Analysis of UDS Bootloader Based on CAN Bus
1.1 UDS Based on CAN Bus
UDS on Controller Area Network (CAN), standardized by ISO 14229, plays a pivotal role in diagnostic protocols. At the application layer, ISO 14229 is defined, while the in-vehicle implementation of these diagnostic services over CAN bus is specified by ISO 15765. This protocol stack enables Unified Diagnostic Services on a CAN network. Within the seven-layer OSI/ISO model, UDS over CAN utilizes five layers: Application, Session, Network, Data Link, and Physical layers. The functional model of CAN-based UDS services differs significantly from early OBD services, as summarized in the table below.
| OSI/ISO Layer | Primary Function | CAN UDS (ISO) | OBD (ISO) |
|---|---|---|---|
| Application Layer | Provides services for actual applications. | 14229-1 / 15765-3 | 15031-5 |
| Session Layer | Controls correct data transmission/reception for session-based communication. | 15765-3 | 15765-4 |
| Network Layer | Routes data (e.g., exchange, addressing). | 15765-2 | 15765-4 |
| Data Link Layer | Assembles frames, provides flow/error control (e.g., format, access, synchronization). | 11898-1 | 15765-4 |
| Physical Layer | Defines electrical signal specs (e.g., levels, cables, transceivers). | 11898-2 | 15765-4 |
1.2 Brief on CAN Bus Protocol
Developed by Bosch, the CAN bus was initially designed to standardize communication among numerous control and monitoring nodes within automobiles.

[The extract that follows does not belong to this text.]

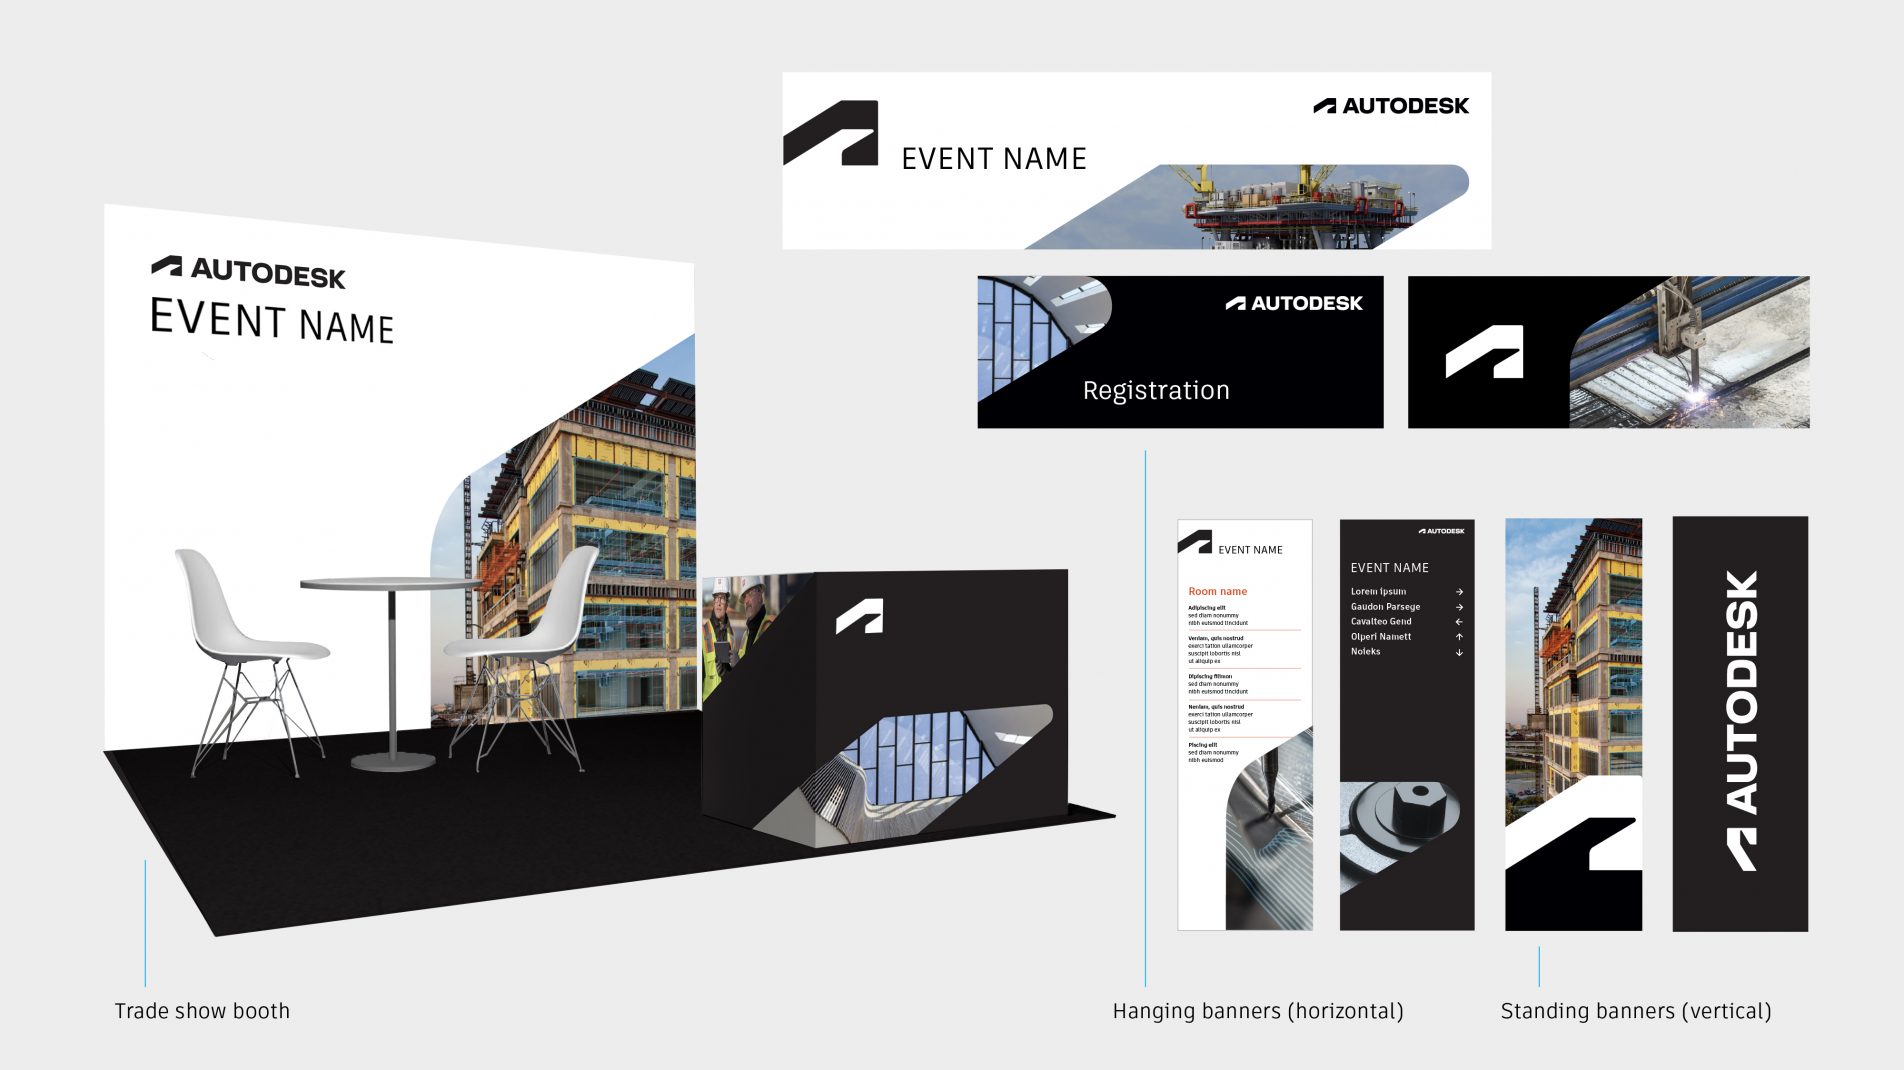 Autodesk physical booth signage examples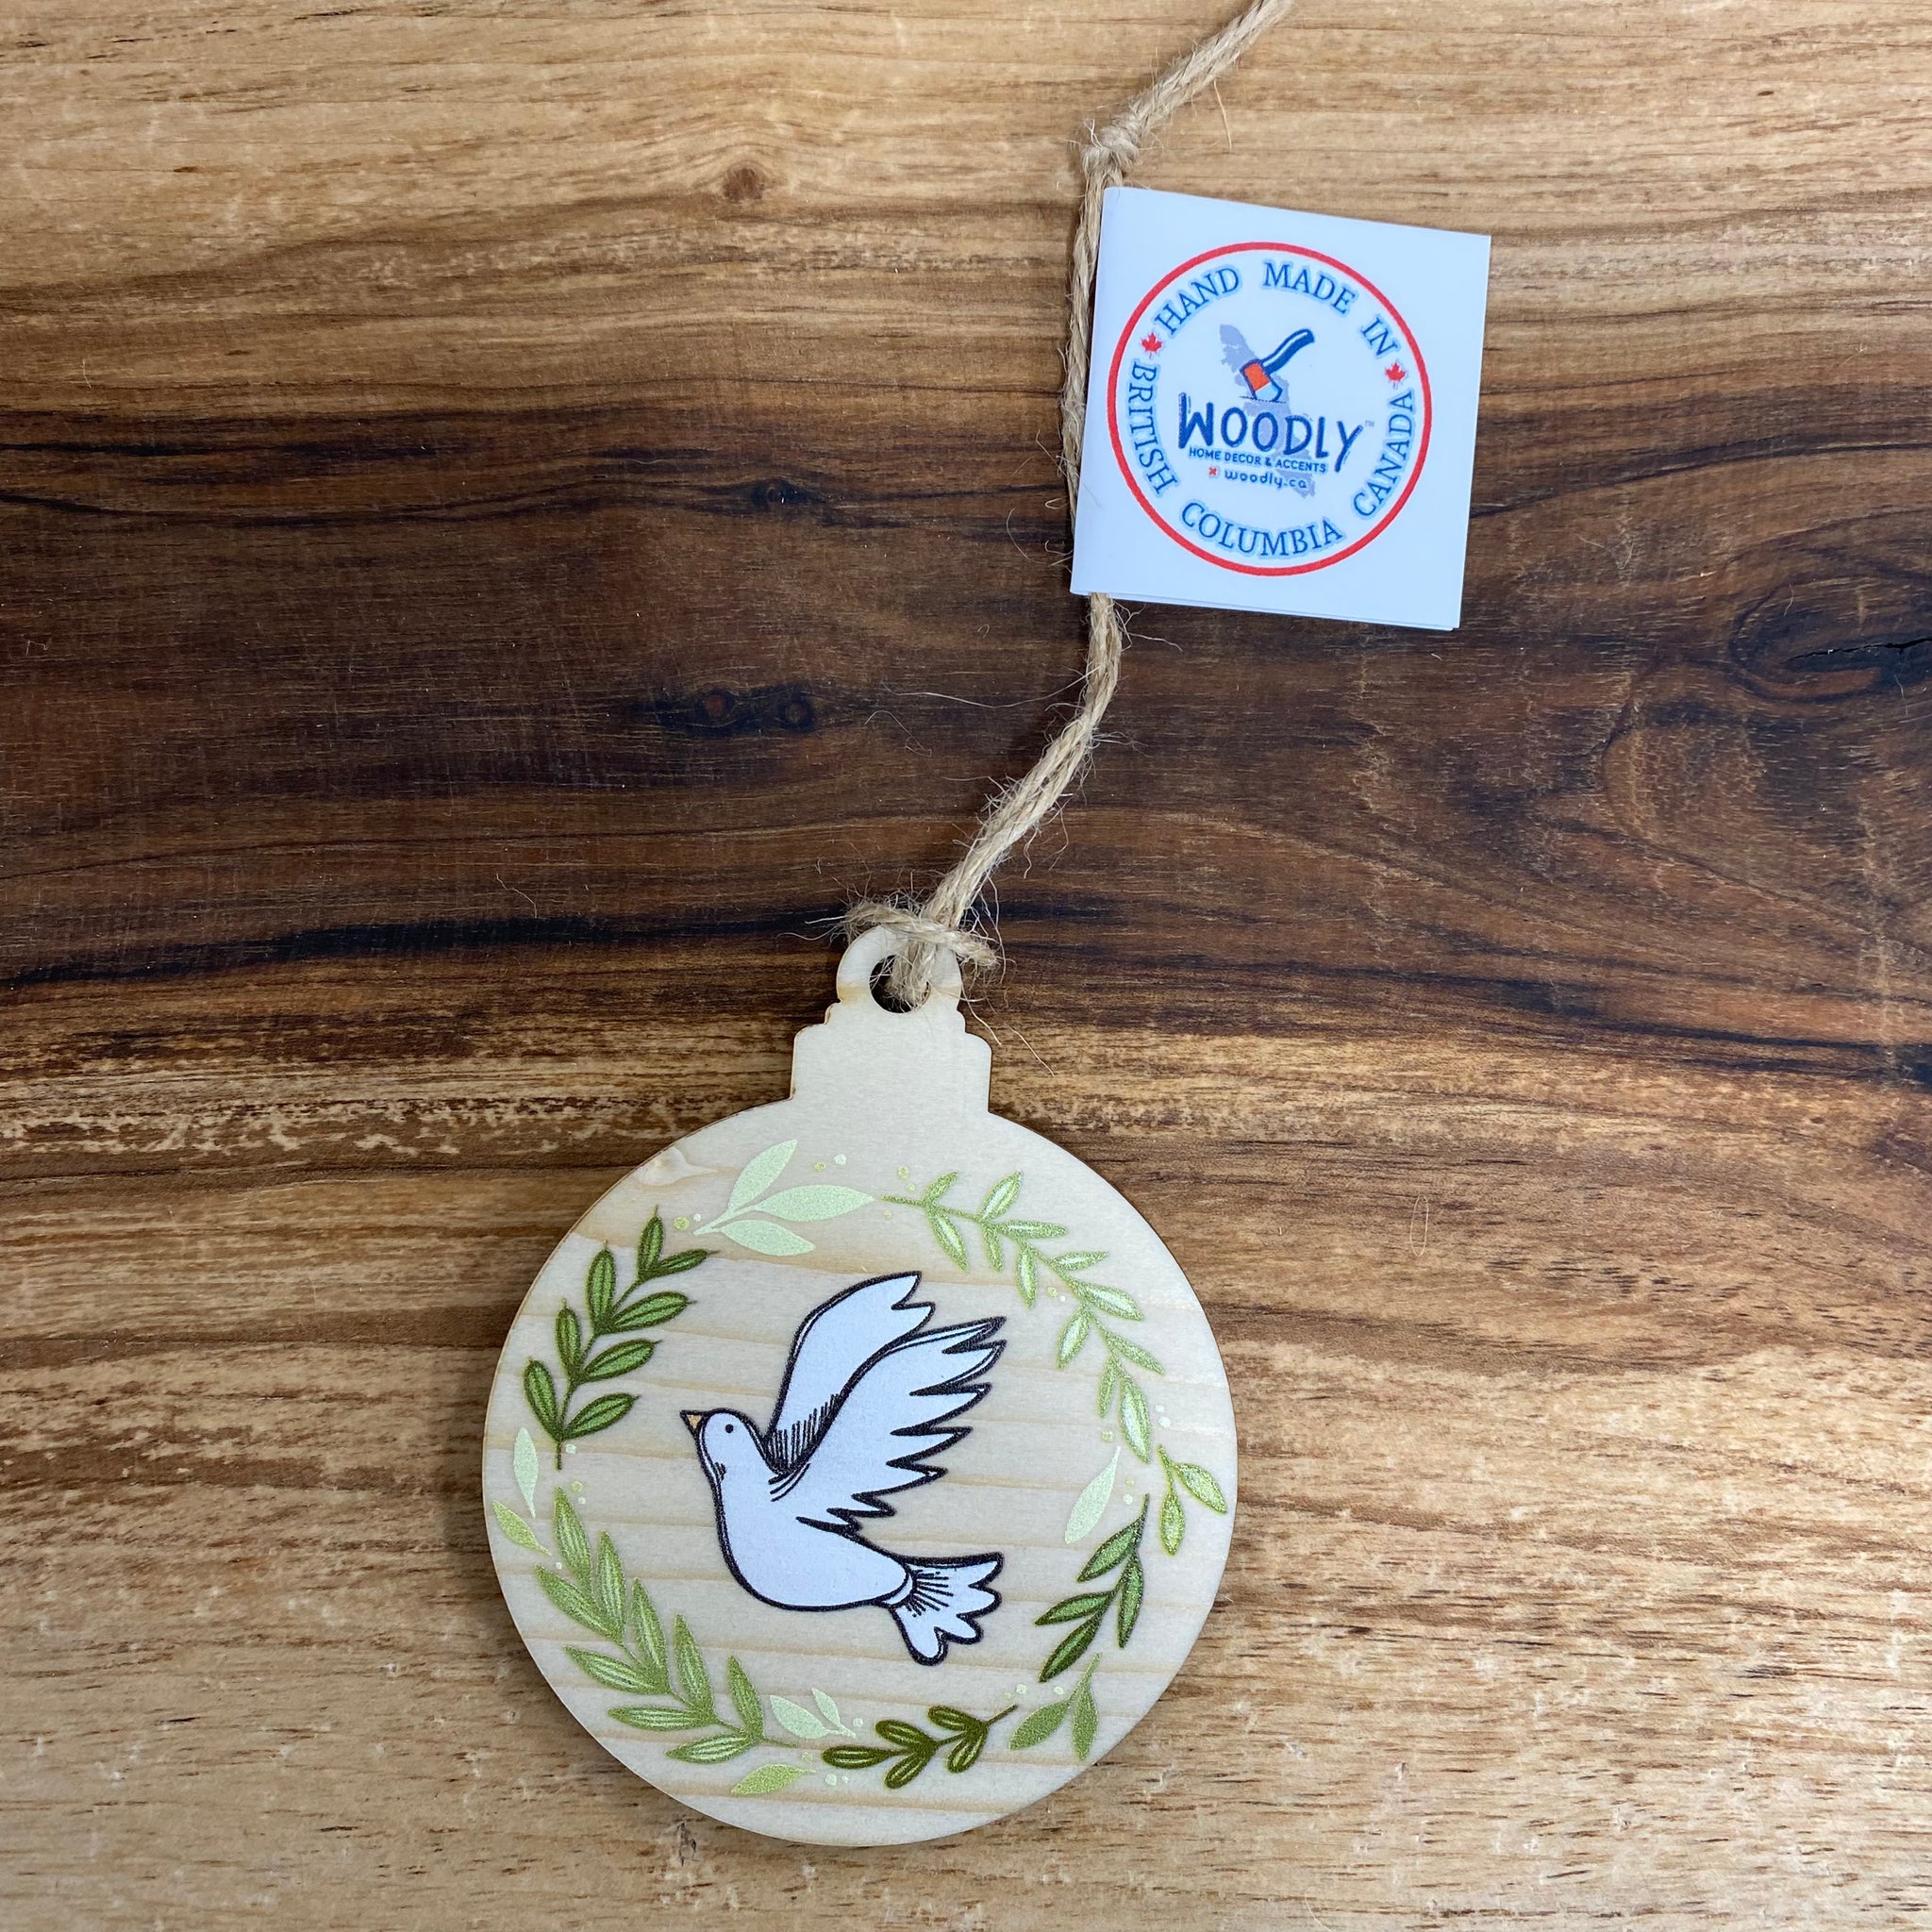 Woodly - Reclaimed Wood Holiday Ornaments

It is a broadcast, message-based, serial communication protocol using two wires where differential voltage levels represent logic 0 and 1. A single CAN bus can support over 100 nodes effectively communicating with each other. Its robustness and deterministic arbitration make it ideal for the harsh automotive environment. The relationship between data rate ($R$) and maximum bus length ($L_{max}$) is often approximated by the empirical formula relevant for network design:
$$L_{max} \approx \frac{k}{R}$$
where $k$ is a constant dependent on transceiver characteristics and network topology. In practice, with rates of a few kb/s, distances can reach several kilometers, while at shorter distances (tens of meters), rates can approach 1 Mb/s. CAN frames are relatively short, with a maximum payload of 8 bytes for the standard base frame format, necessitating higher-layer protocols like ISO 15765 for segmentation and reassembly of longer data streams, such as those required for reprogramming a motor control unit firmware.
1.3 Implementation Methods for UDS-Based Bootloader
A Bootloader is the first code executed upon hardware reset. It initializes critical hardware, establishes memory maps, configures the system environment, and ultimately decides whether to update the application software or jump directly to its execution. Given the dominance of the CAN bus interface in automotive electronics, the Bootloader discussed here uses CAN-based UDS for data interaction.
1.3.1 Data Update for Single or Multiple Nodes
In a CAN network, some diagnostic and programming requests target a specific motor control unit (single node), while others, like a software update for a common module type, could target multiple nodes simultaneously. Optimizing update sequences is crucial. Broadcast or multi-cast addressing mechanisms can be employed to make a single download instruction from the tester effective on several nodes, significantly improving update efficiency. Message priority on the CAN bus must be orchestrated, prioritizing one-to-many multi-node downloads over one-to-one single-node updates to minimize total network occupation time.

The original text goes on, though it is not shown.